● **EXERCISE REQUIREMENTS**:
A word-for-word copy of the data is what's wanted; pictures stay out of it.

● **GIVEN DATA**:

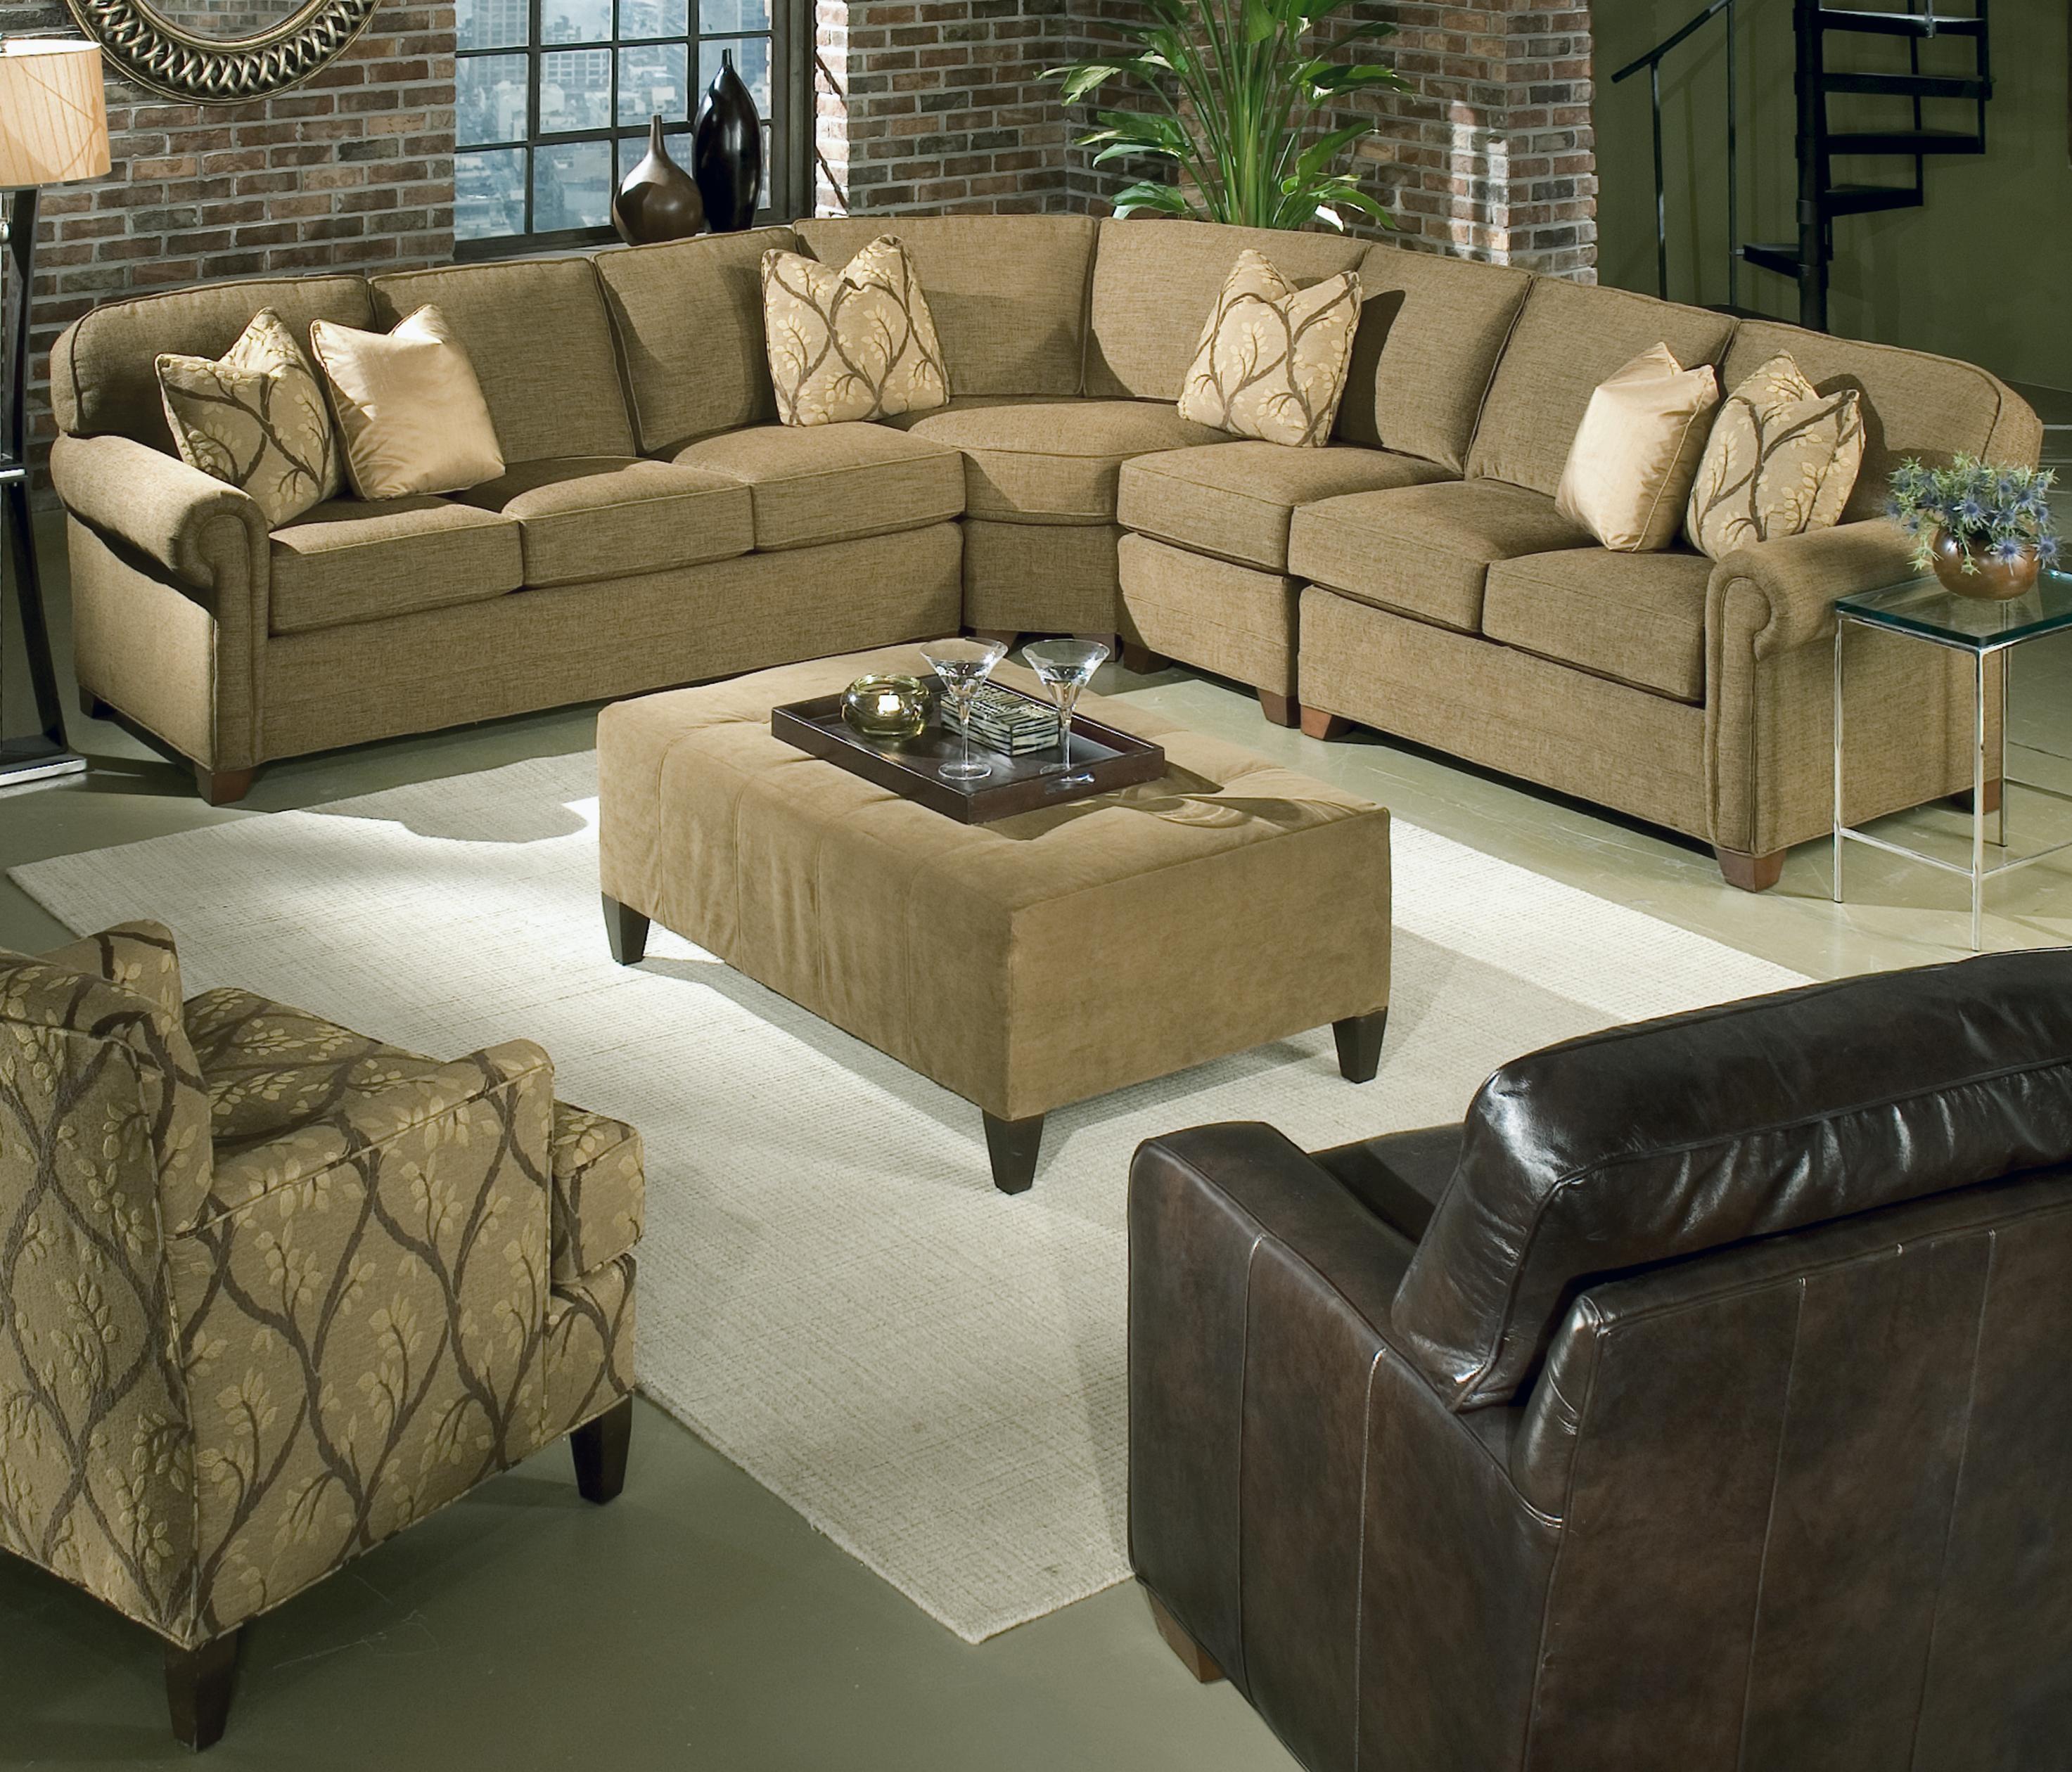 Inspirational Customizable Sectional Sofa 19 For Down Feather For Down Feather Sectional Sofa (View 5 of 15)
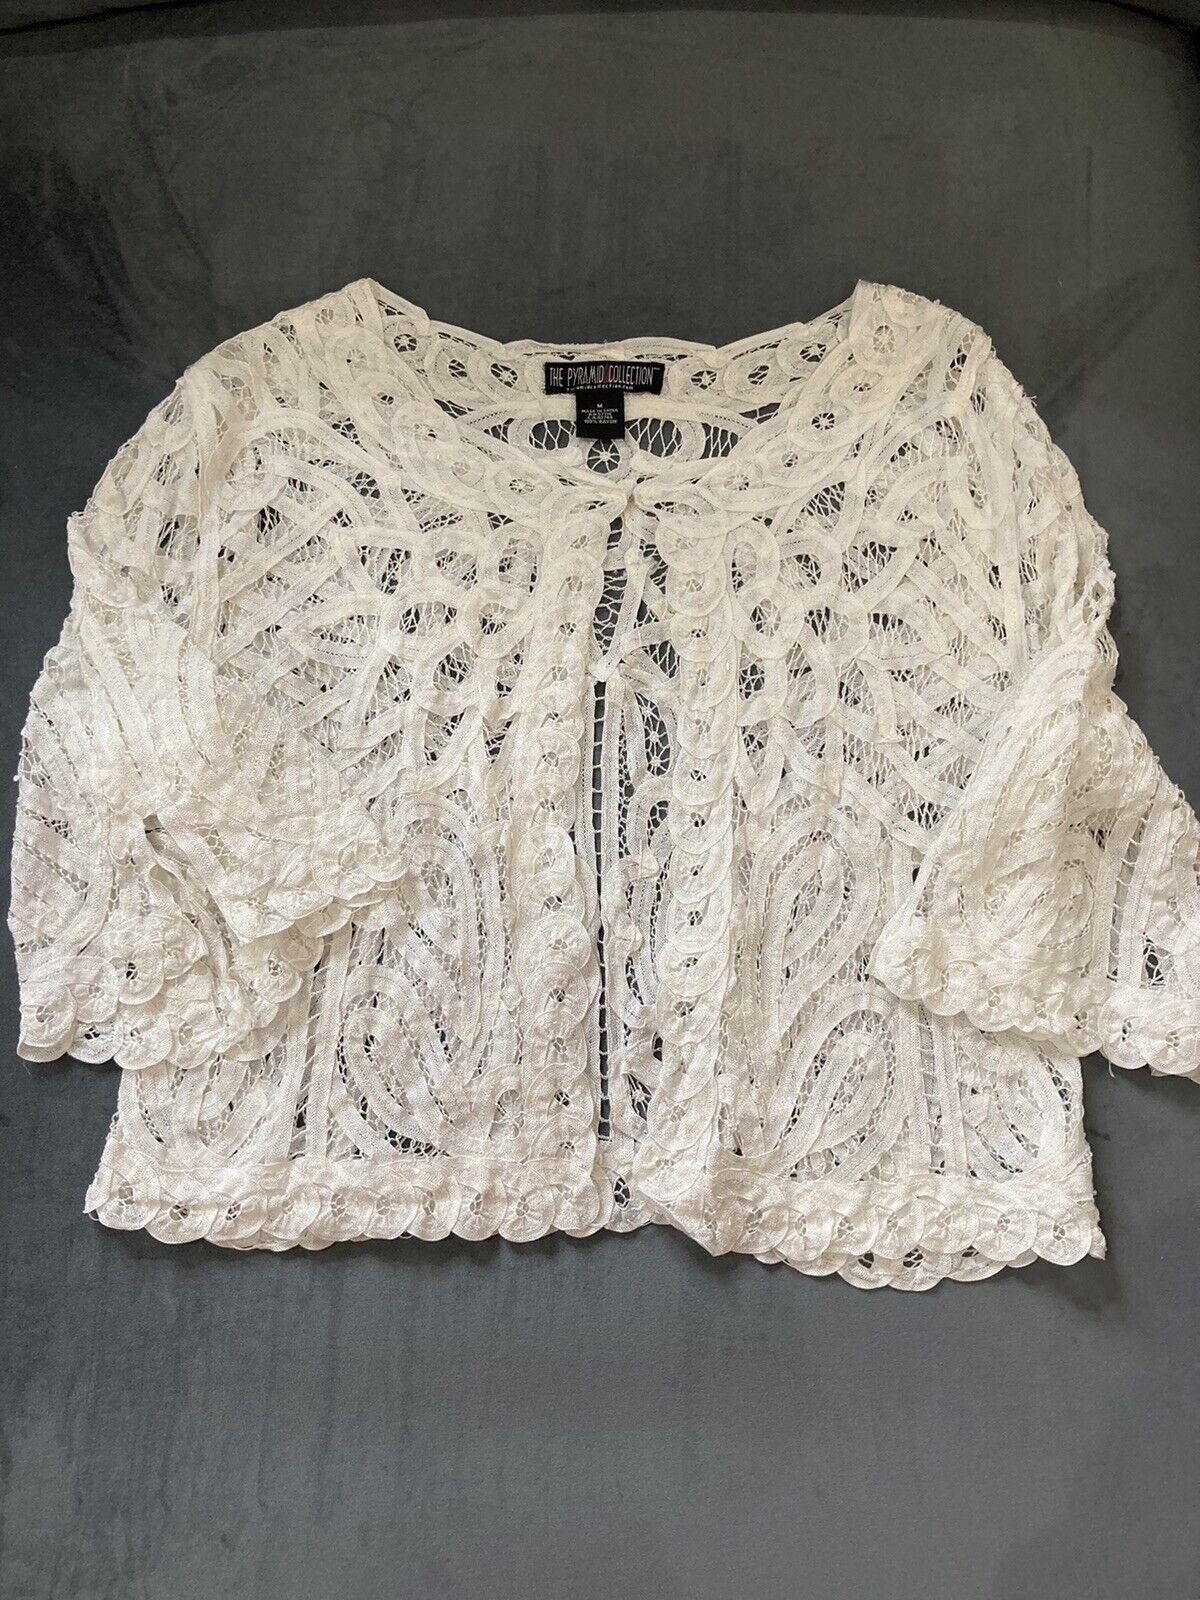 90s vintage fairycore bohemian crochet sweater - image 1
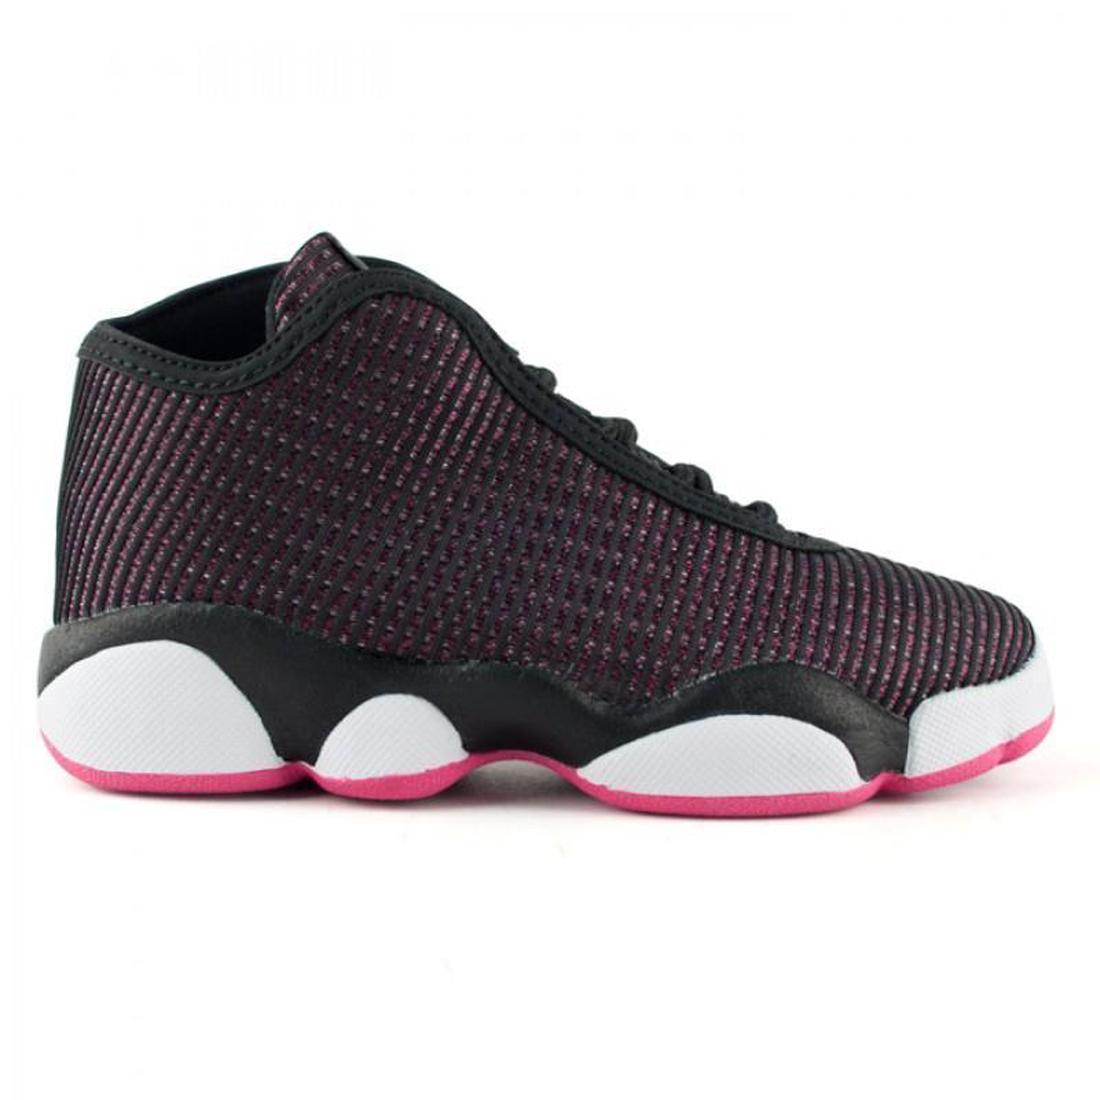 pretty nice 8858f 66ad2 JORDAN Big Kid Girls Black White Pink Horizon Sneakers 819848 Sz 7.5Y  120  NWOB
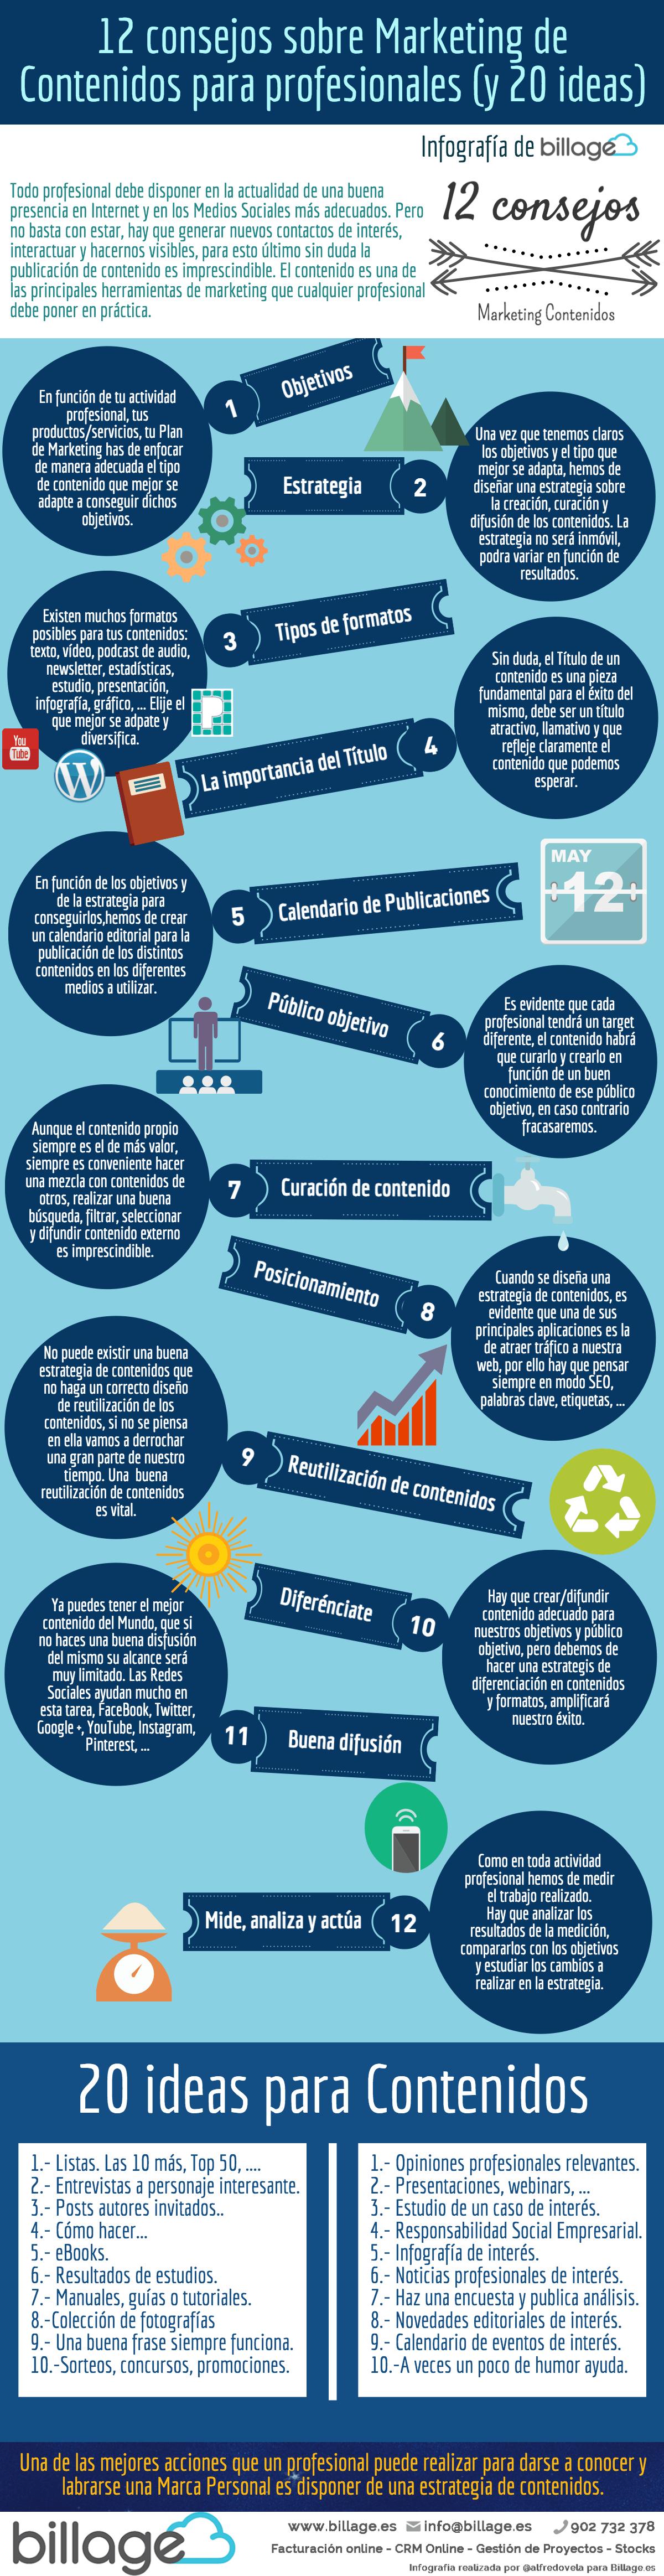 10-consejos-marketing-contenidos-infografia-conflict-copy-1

● **WRITTEN RESPONSE**:
 Inspirational Customizable Sectional Sofa 19 For Down Feather For Down Feather Sectional Sofa (View 5 of 15)
 90s vintage fairycore bohemian crochet sweater - image 1
 pretty nice 8858f 66ad2 JORDAN Big Kid Girls Black White Pink Horizon Sneakers 819848 Sz 7.5Y  120  NWOB
 10-consejos-marketing-contenidos-infografia-conflict-copy-1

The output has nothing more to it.